CPU times: user 101 ms, sys: 16 ms, total: 117 ms
Wall time: 112 ms

In [31]:
from itertools import cycle

colors = ['b', 'g', 'r', 'c', 'm', 'y', 'k']
for i, c in zip(np.unique(y_train), cycle(colors)):
    plt.scatter(X_train_small_pca[y_train == i, 0],
               X_train_small_pca[y_train == i, 1],
               c=c, label=twenty_train_small.target_names[i], alpha=0.5)
    
_ = plt.legend(loc='best')


We can observe that there is a large overlap of the samples from different categories. This is to be expected as the PCA linear projection projects data from a 34118 dimensional space down to 2 dimensions: data that is linearly separable in 34118D is often no longer linearly separable in 2D.

Still we can notice an interesting pattern: the newsgroups on religion and atheism occupy the much the same region and computer graphics and space science / space overlap more together than they do with the religion or atheism newsgroups.

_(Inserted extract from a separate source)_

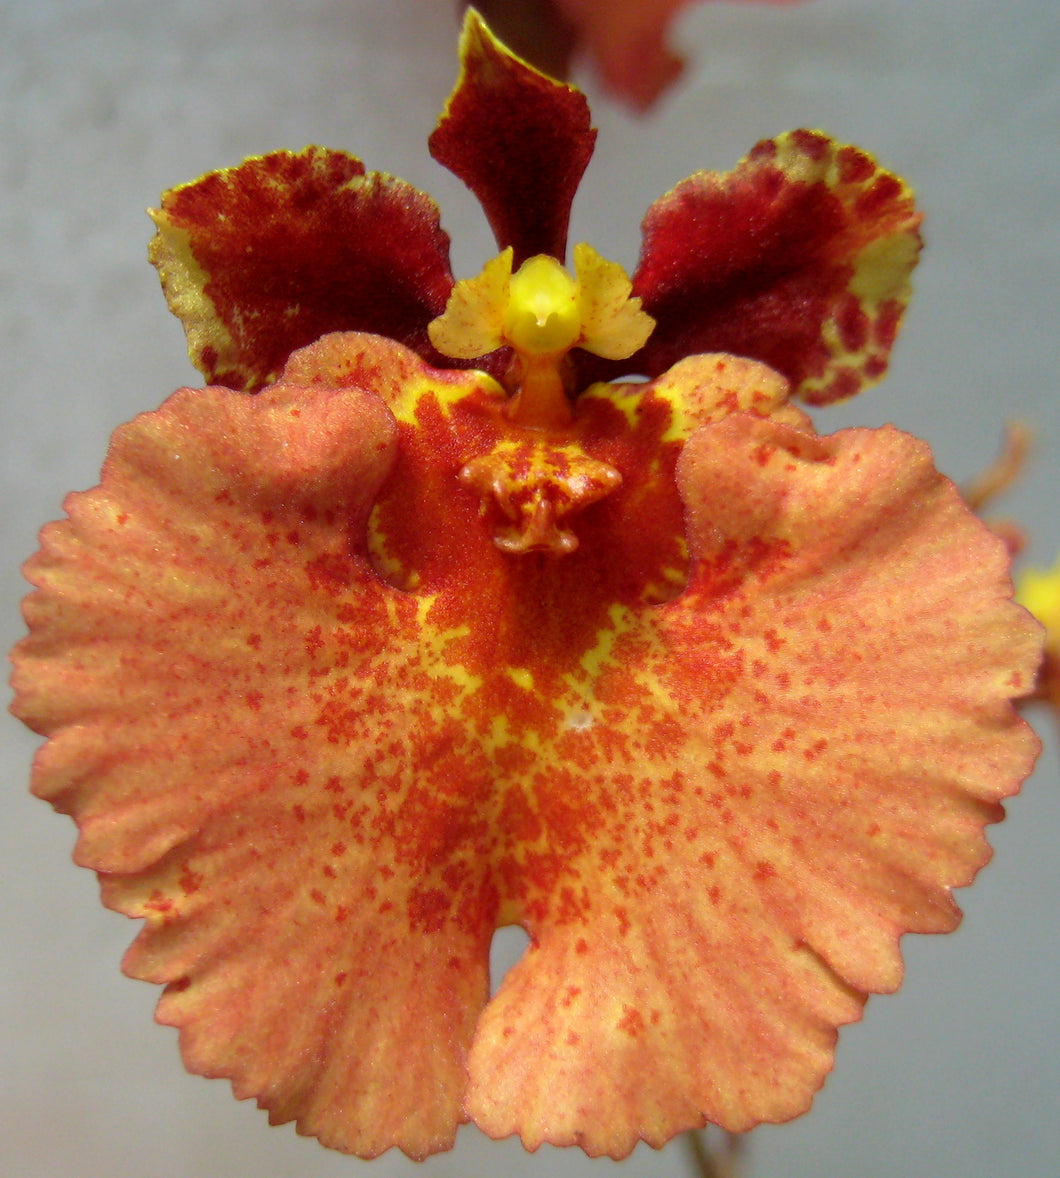 Orchid Seedling 50mm Pot size - Oncidium Tolumnia Capalaba Prime Sunrise x Capalaba Queen 'Yum Yum'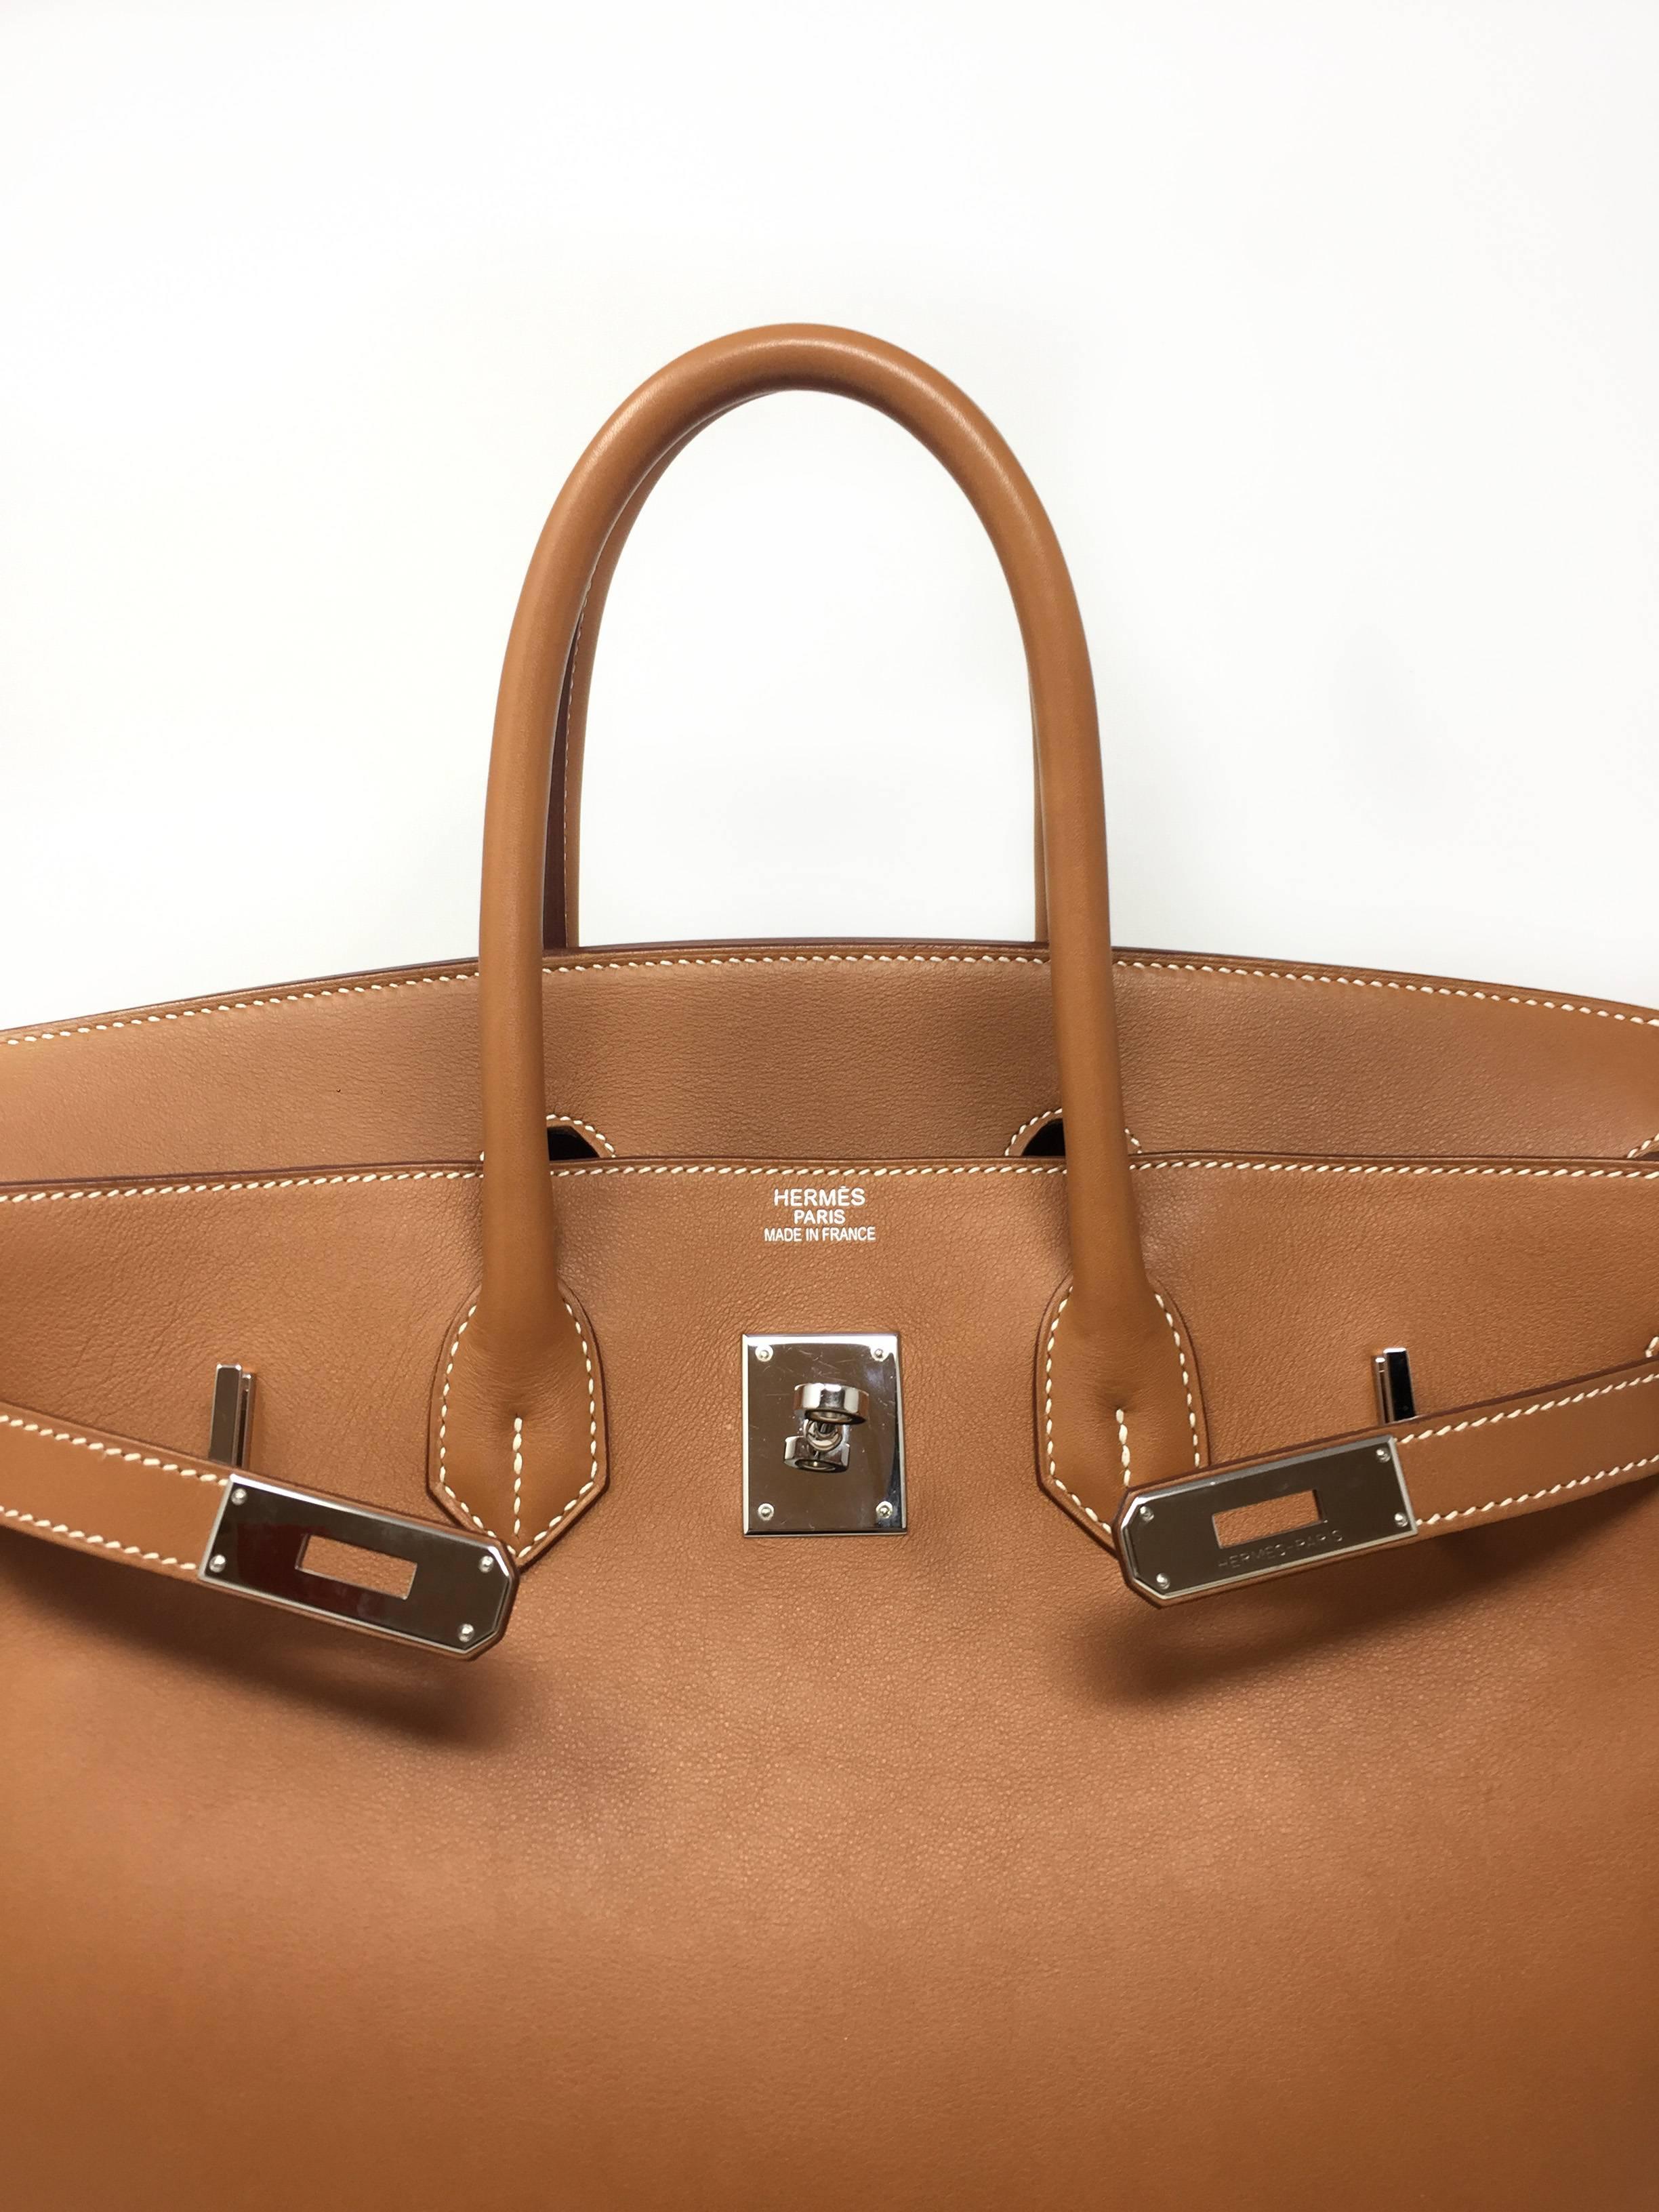 Hermes Paris Sac Birkin 35 Swift Gold Leather Bag, 2008 1

Training a Classifier on Text Features

We have previously extracted a vector representation of the training corpus and put it into a variable name X_train_small. To train a supervised model, in this case a classifier, we also need


In [32]:
y_train_small = twenty_train_small.target

In [33]:
y_train_small.shape


Out[33]:
(2034,)

In [34]:
y_train_small


Out[34]:
array([1, 2, 2, ..., 2, 1, 1])

We can shape that we have the same number of samples for the input data and the labels:


In [35]:
X_train_small.shape[0] == y_train_small.shape[0]


Out[35]:
True

We can now train a classifier, for instance a Multinomial Naive Bayesian classifier:


In [36]:
from sklearn.naive_bayes import MultinomialNB

clf = MultinomialNB(alpha=0.1)
clf


Out[36]:
MultinomialNB(alpha=0.1, class_prior=None, fit_prior=True)

In [37]:
clf.fit(X_train_small, y_train_small)


Out[37]:
MultinomialNB(alpha=0.1, class_prior=None, fit_prior=True)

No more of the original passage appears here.